Analysis using both light and scanning electron microscopy of one of the explanted NewColorIris devices shows surface and edge characteristics that deviate significantly from the appearance of other currently US Food and Drug Administration–approved anterior chamber implants on scanning electron microscopy.¹ Specifically, the posterior surface of the NewColorIris implant has an irregular surface architecture and the edge has a very rough, nearly serrated appearance on close examination (Figure 3). These morphologic features support our contention that the surface characteristics of the NewColorIris contributed to ocular inflammation, secondary glaucoma, and endothelial cell loss in both patients. The edge profile appears to have been particularly deleterious to patient 2 due to direct apposition of the device against the angle structures as demonstrated by OCT.

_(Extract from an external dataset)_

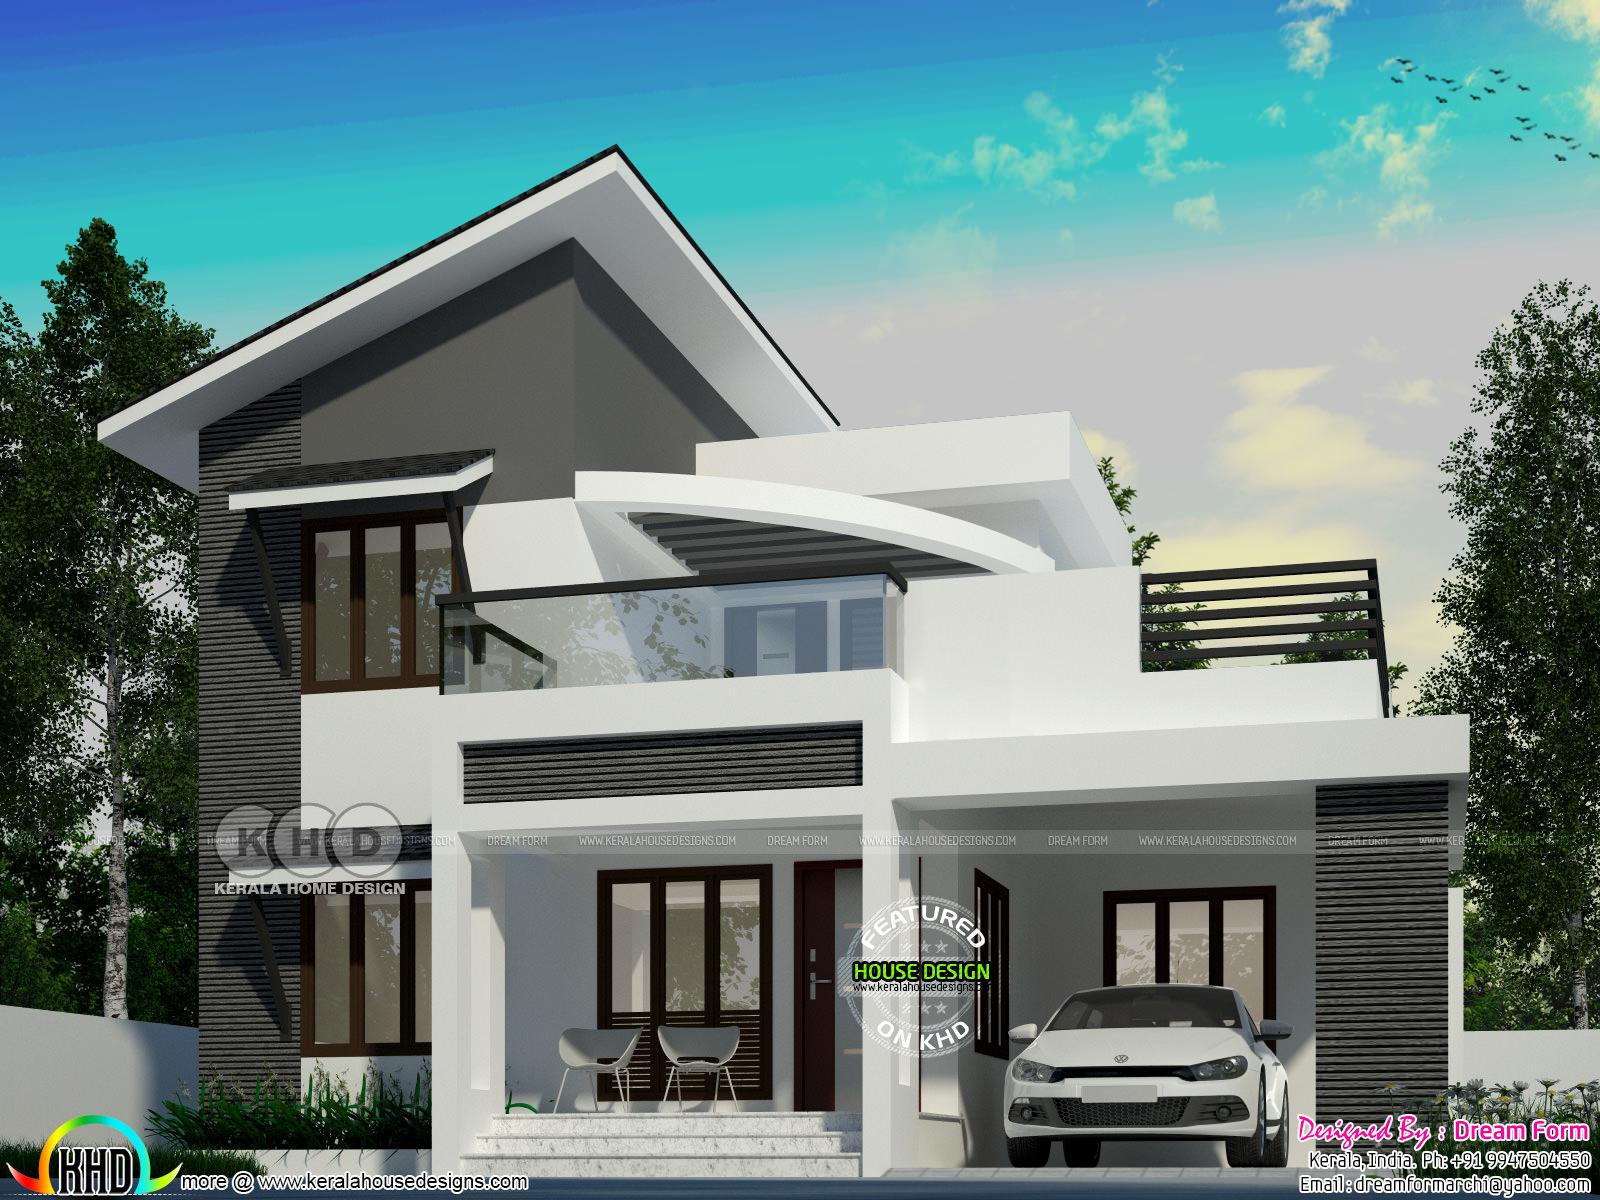 Slanting roof mix modern 4 BHK house design - Kerala home ...
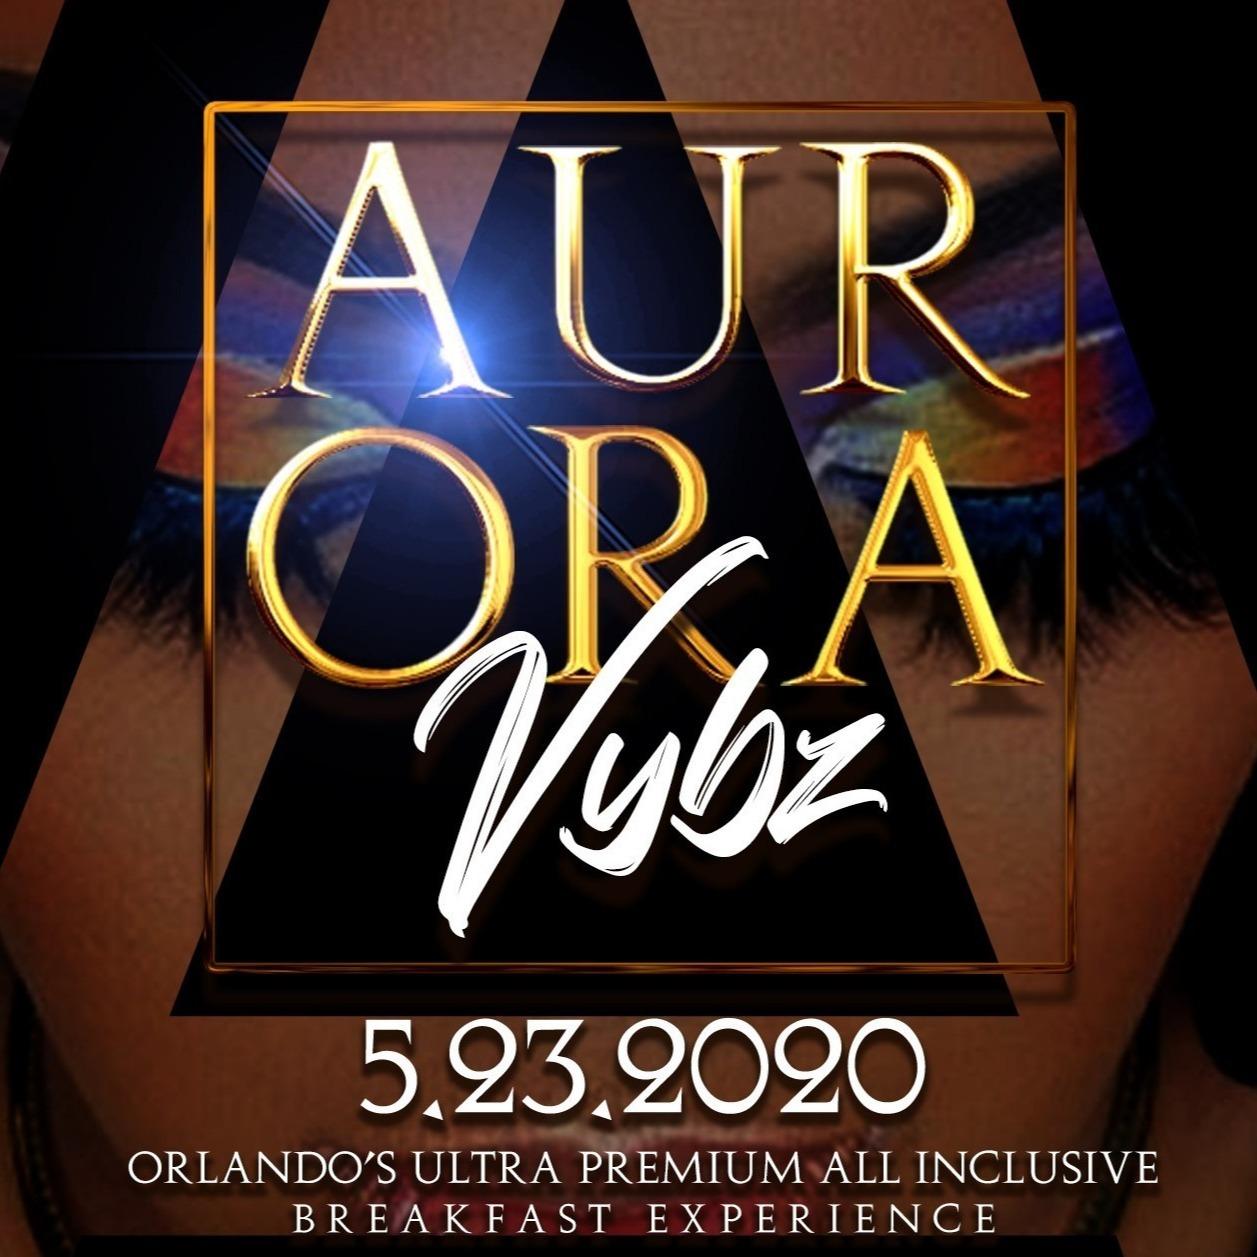 AURORA VYBZ ~ Orlando's Ultra Premium All Inclusive Breakfast Experience

These 2 cases add to a growing body of literature regarding profound anterior segment damage, including uveitis, glaucoma, and corneal decompensation, secondary to NewColorIris implantation.² While not approved by the US Food and Drug Administration for implantation in the United States, the NewColorIris poses a very real risk to patients willing to travel abroad to have it implanted. As we have demonstrated by anterior segment OCT and light and scanning electron microscopy, the NewColorIris device has intraocular positioning and surface characteristics that likely contribute to its poor tolerance in the anterior chamber of some patients. Specifically, if the device is undersized relative to the anterior chamber, it may not sit properly and can then contact the corneal endothelium (as in case 1). Alternatively, it can cause direct damage to angle structures in those with less generously sized anterior segments, which can lead to glaucomatous angle changes such as synechiae. This was particularly evident in case 2, in which profound angle damage was inflicted in the setting of an implant that was shown by OCT to be directly apposing the angle structures prior to its explantation. It is our feeling that the surface characteristics of the implant, particularly its relative surface irregularity compared with other better-tolerated anterior segment implants, were responsible for significant ocular inflammation in both patients in this series. The medical literature demonstrates that inappropriately sized anterior chamber implants deleteriously affect corneal endothelial cell counts and angle structures, as shown in the analysis of phakic intraocular lens tolerance.³ Although implant design and positioning issues strongly influenced these outcomes, the biocompatibility of the material and chemical coloring of the NewColorIris device may have also contributed to these complications; however, we were unable to confirm this.

Scientific data on the safety of this device are lacking in the published literature. Therefore, given its lack of adequate clinical testing and a growing body of literature describing potentially vision-threatening complications related to its implantation, we advise patients to avoid undergoing implantation of the NewColorIris prosthesis. Additionally, eye care professionals should warn patients interested in this procedure of these potential complications. Other iris devices have proven very safe and effective, and patients requiring noncosmetic iris reconstruction may consider using other posterior chamber and secured iris reconstructive devices such as those from Morcher, Ophtec, and HumanOptics (ArtificialIris). Finally, those who have already undergone cosmetic iris implantation should be closely monitored for complications, and explantation of the iris prosthesis should be undertaken at the earliest sign of ocular intolerance.